Numerous strategies have been implemented to address the problem of overprescribing in NHs, including establishing prescribing guidelines,9 studying the prevalence and incidence of antibiotic use, and designing interventions to improve prescribing. These interventions range from monitoring to complex protocols that provide didactic sessions and performance feedback. Their goal has been either to reduce a specific type of infection or to increase the appropriateness of the choice of antibiotic; unfortunately, all have had limited success, in part due to insufficient adoption and sustainability.10–15
The extent to which change is successfully adopted and sustained in health care organizations depends on a host of considerations, which are reflected in the theory of complex adaptive systems.16–20 Complex adaptive systems are characterized by diverse, interrelated yet independent stakeholders whose interactions are complex, varied, and unpredictable. Modifications in the system are nonlinear and emerge from learning, adaptation, and self-reorganization.16,19,20 Based on this framework, interventions to increase appropriate antibiotic prescribing should identify all stakeholders and their interconnections, understand existing practices, maximize communication and collaboration, use influence rather than power, and establish a method for ongoing self-monitoring as the system learns, adapts, and changes over time.16,19–24 Flexibility in implementation is to be expected as the system evolves, but the intent is to maintain the integrity of the intervention.21,22
Based on our understanding of health care organizations as complex adaptive systems, we worked with four RC/AL communities and six NHs in North Carolina to implement a multicomponent quality improvement (QI) program to reduce potentially inappropriate antibiotic prescribing. The effort was grounded in a conceptual model that views the prescribing decision as a result of the interplay between the patient and his/her clinical condition; patient and family knowledge, attitudes, and beliefs regarding the illness and treatment; the structures and care processes in the setting, as well as staff knowledge, attitudes, and beliefs related to the illness and treatment; and the provider, including the characteristics of the medical practice.
In this paper, we describe the adoption and sustainability of that program in the context of organizational behaviors and health care as a complex adaptive system. While the sample was small and the region local, the results have implications for the dissemination of this and similar QI interventions in other RC/AL communities and NHs.

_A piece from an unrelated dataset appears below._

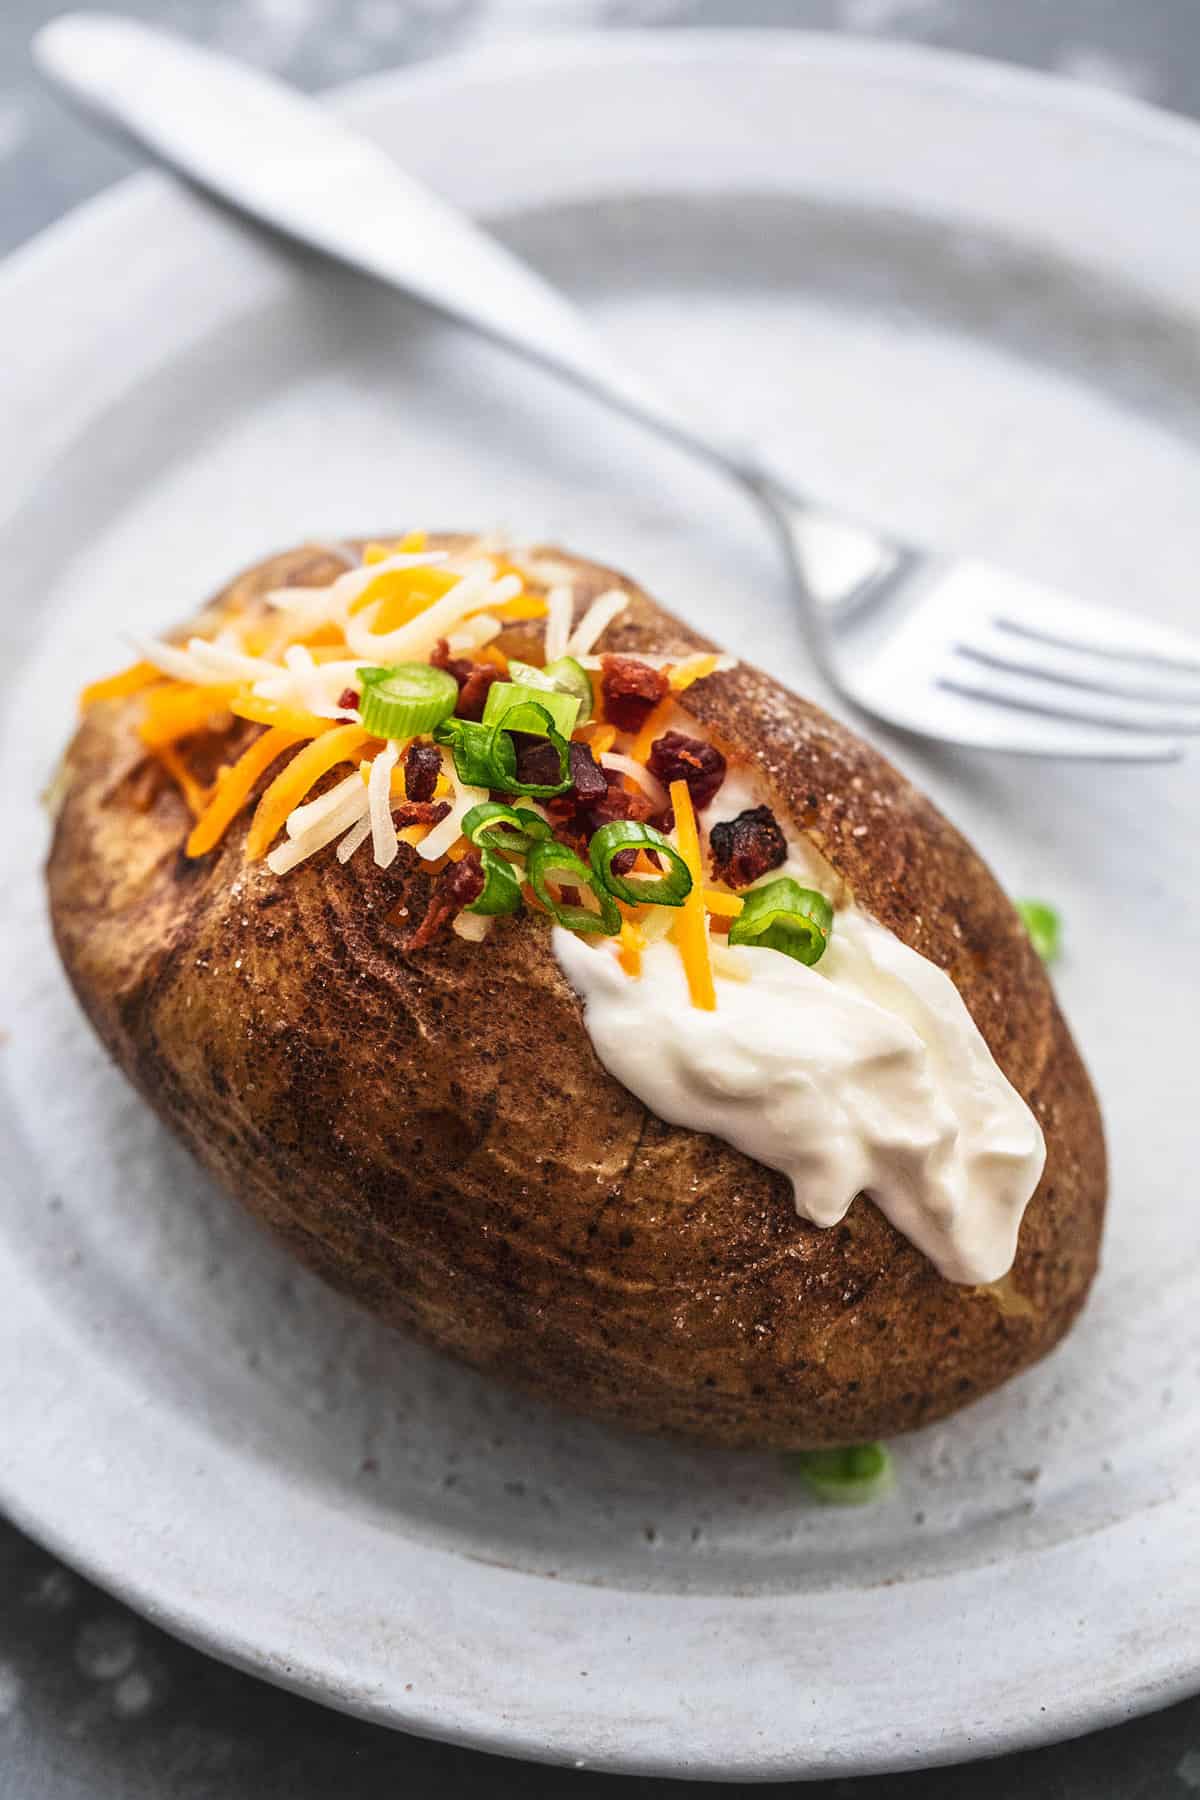 https://www.lecremedelacrumb.com/wp-content/uploads/2019/10/instant-pot-baked-potatoes-4sm-4.jpg

Based on the conceptual model (Figure 1), the program to reduce potentially inappropriate antibiotic prescribing included four key components: (1) evidence-based training geared to medical providers who prescribe medications for RC/AL or NH residents; (2) use of a standardized communication form for long-term care staff to convey relevant signs and symptoms to inform prescribing; (3) a brochure for residents, their families, and direct care staff to explain the risks associated with the overuse of antibiotics and situations in which antibiotics are not indicated; and (4) ongoing monitoring and feedback in the context of a QI program. In addition, in-service training was provided to all staff so that they were aware of the QI program and sensitized to the importance of antibiotic overuse and resistance.
Figure 1. Conceptual model related to prescribing decisions in residential care/assisted living and nursing homes
The project was first initiated in four RC/AL settings and 3 months later in six NHs; in addition, six NHs served as control sites. In the intervention NHs, one provider practice (a group of providers who work together under the auspices of the same corporate entity) served the majority of residents, and the medical directors chose to participate to better inform and reduce their practice's potentially inappropriate prescribing. All settings were located in North Carolina and enrolled in the Collaborative Studies of Long-Term Care. Approval for this work was received from the institutional review boards of the University of North Carolina and Abt Associates Inc., and from the Office of Management and Budget.

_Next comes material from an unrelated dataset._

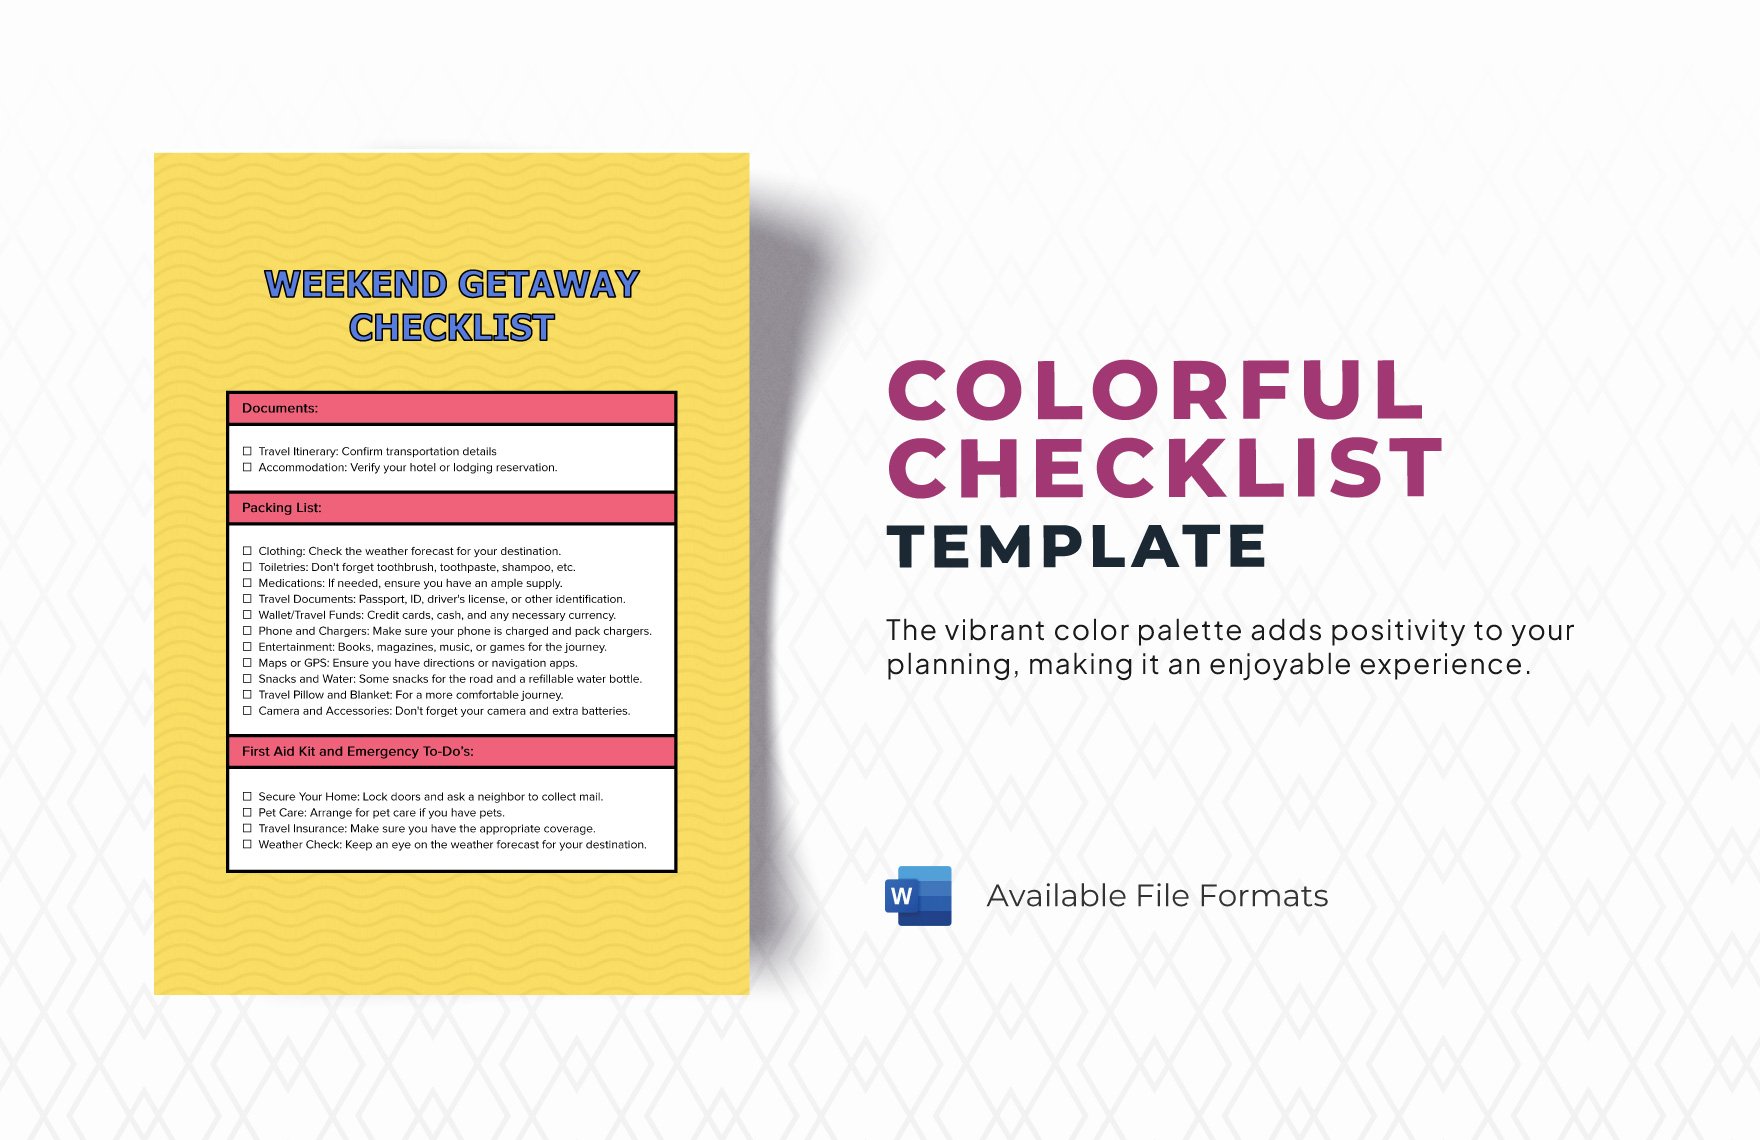 Colorful Checklist Template

Evidence-Based Medical Provider (Prescriber) Training
The content of the prescriber training was based on a comprehensive literature review5 and consultation with an expert medical panel; in addition, it included baseline data regarding prescribing rates and the extent to which prescribing practices met the Loeb prescribing guidelines.9 Training began with an overview of the problem of antibiotic resistance and inappropriate prescribing, followed by case-based training on prescribing for urinary, respiratory, and skin infections, as well as situations where antibiotics are often inappropriately prescribed. Guidelines were then presented for selecting an antibiotic. The training was packaged as a five-module, Internet-based program to facilitate later dissemination and adoption. Also, a laminated pocket card was developed that summarized 12 common situations in which systemic antibiotics are generally not indicated. Completion of the five modules took approximately 90 minutes, and trainees involved in the project (individuals who prescribed antibiotics in the study sites) received 10 hours of continuing education credit.
Use of a Standardized Communication Form
Medical provider training addressed the signs and symptoms to be considered according to antibiotic prescribing guidelines. The research team developed a standardized communication form based on these signs and symptoms for completion by long-term care staff to ensure that the provider was informed about the resident's condition. This Medical Care Referral Form (MCRF) was shared in draft form with staff in each setting and modified to meet their needs (e.g., an area was included for providers to record orders). The form also included an area for open-ended text to describe the problem and areas to record vital signs and (if appropriate) information related to a fall, the resident's general health status, and relevant medical history. Some of this information (e.g., related to a fall) was included to increase the suitability of the form for all medical encounters. The form was intended to be used in all instances when contact was made with a medical care provider for anything other than routine care or a followup visit. A 45-minute training session was held with the staff responsible for completing the form, which covered problems of antibiotic overuse and associated risks, use of the MCRF, case studies, and information indicating the extent to which previous prescribing met guidelines.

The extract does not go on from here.